The film's purpose was to address, as Robertson puts it, "the elephant in the room" about girls in school and allow for discussion of attitudes about the effect of education on African girls and their societies. It is currently used for training within the Peace Corps who, in statements, have described the film as "rich in its learning opportunities as well as being beautifully filmed."

== Synopsis ==

"A film about men and women, about marriage... families... having babies, about tradition, and the modern world... about who goes to school in Africa... and why girls are missing." - Official tag-line.

Every year, girls in African schools "go missing," from school classrooms. This film analyzes the stories of five schoolgirls and examines the causes and consequences of the high dropout rates among girls. The stories are told directly by Malawian and Guinean girls and their families.
- Part I: Nadouba and Bintu in the West-African village of Gbonko, Guinea.
- Part II: Ethel and her mother, in Muluma village, Malawi.
- Part III: Taz and Patricia from elite St. Mary’s Secondary School in Zomba, Malawi.
Also presented is a group of elders from a Malinké village conversing about the issue.

==Release==

These Girls Are Missing was initially commissioned by FAWE, The Forum for African Women Educationalists, and premiered at the United Nations’ 1995 Fourth World Conference on Women, in Beijing. Because of its wide range of intended audiences, the film is available in seven languages: English, French, Malinké, Susu, Poular, Ki-Swahili and Chichewa.
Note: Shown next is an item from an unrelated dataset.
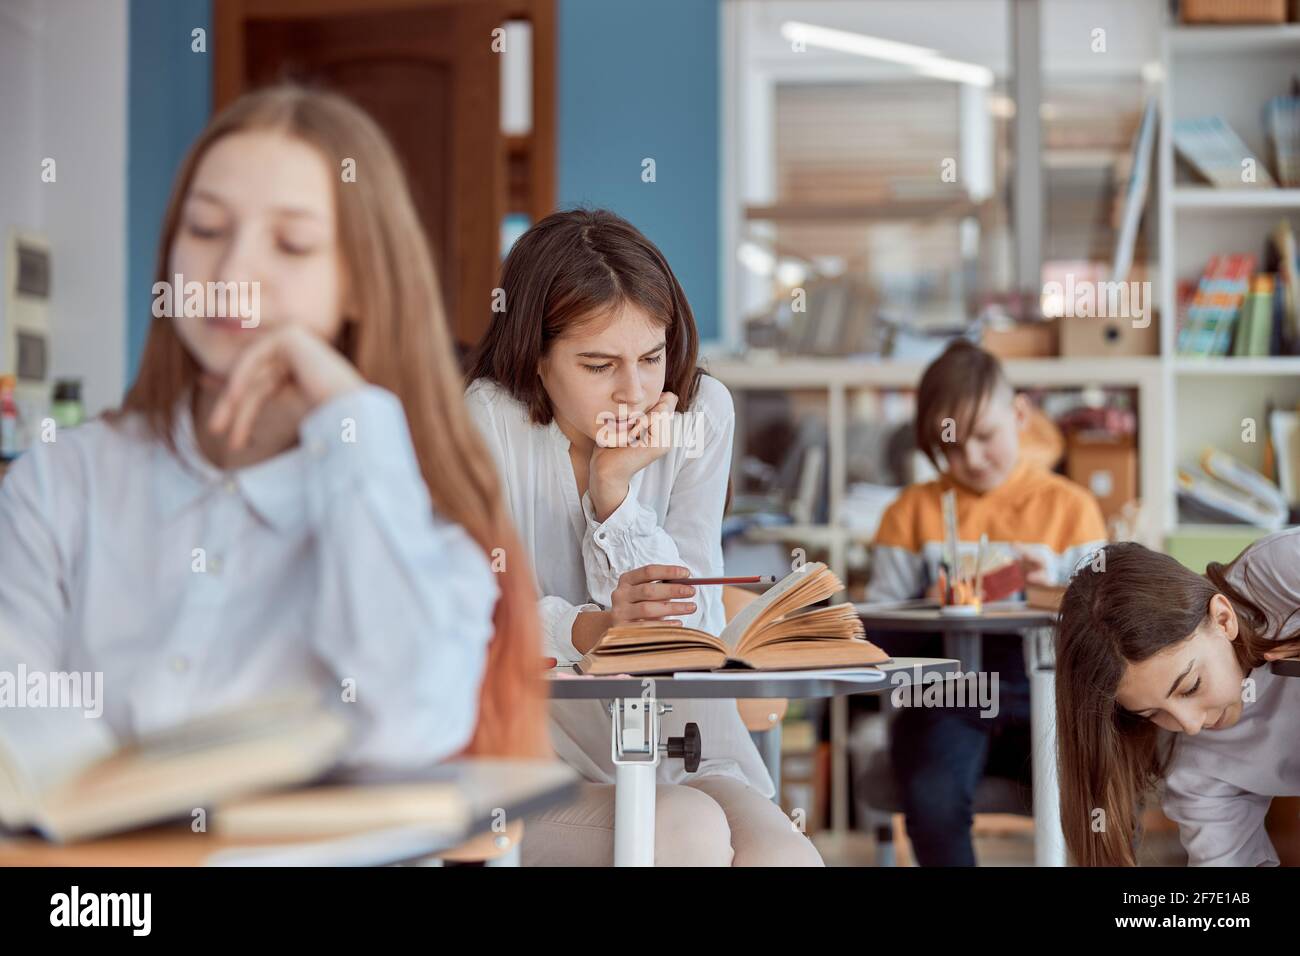 Junges Mädchen sieht abwesend im Lesen. Grundschüler sitzen auf Schreibtischen und lesen im Klassenzimmer Bücher Stockfoto

Since its release, the film has been distributed widely by the Ministries of Education in both Guinea and Malawi, and used in focus groups and workshops promoting girls’ education. FAWE also distributed the film unto associate members in Ministries of Education in Zanzibar, Angola, Cameroon, Namibia, Tanzania, Kenya, Senegal, Mauritius, Seychelles, Botswana, São Tomé and Príncipe, Mozambique, Uganda and Ghana.

The film has also screened at Cinema du Reel, Paris; CIES (Comparative and International Education Society) Conference, Buffalo, NY; Marymount Manhattan College, NY; and the Woodrow Wilson School of Public and International Affairs, Princeton University. It has also been screened for the U.S. State Department, U.S. Agency for International Development, Inter-American Development Bank, World Council for Comparative Education Societies and the U.S. National Academy of Sciences.

==The Girls Know it==

The filmmakers also produced a shorter version of the film called The Girls Know It, released in 1997. It is hosted, on screen, by The Honorable Aicha Bah, Minister of Education in Guinea. The film is shorter, at 47 minutes and was released in 1997. It is available in seven languages as well. This 47-minute cut is available in the same seven languages as the 60-minute film.

==Educational Use==

UNICEF, USAID, and the Peace Corps have made extensive use of These Girls Are Missing as a training and education tool.

==Critical reception==

The film received the Cine Golden Eagle under the Documentary Feature category and a Silver Plaque as part of the 31st annual Chicago International Film Festival.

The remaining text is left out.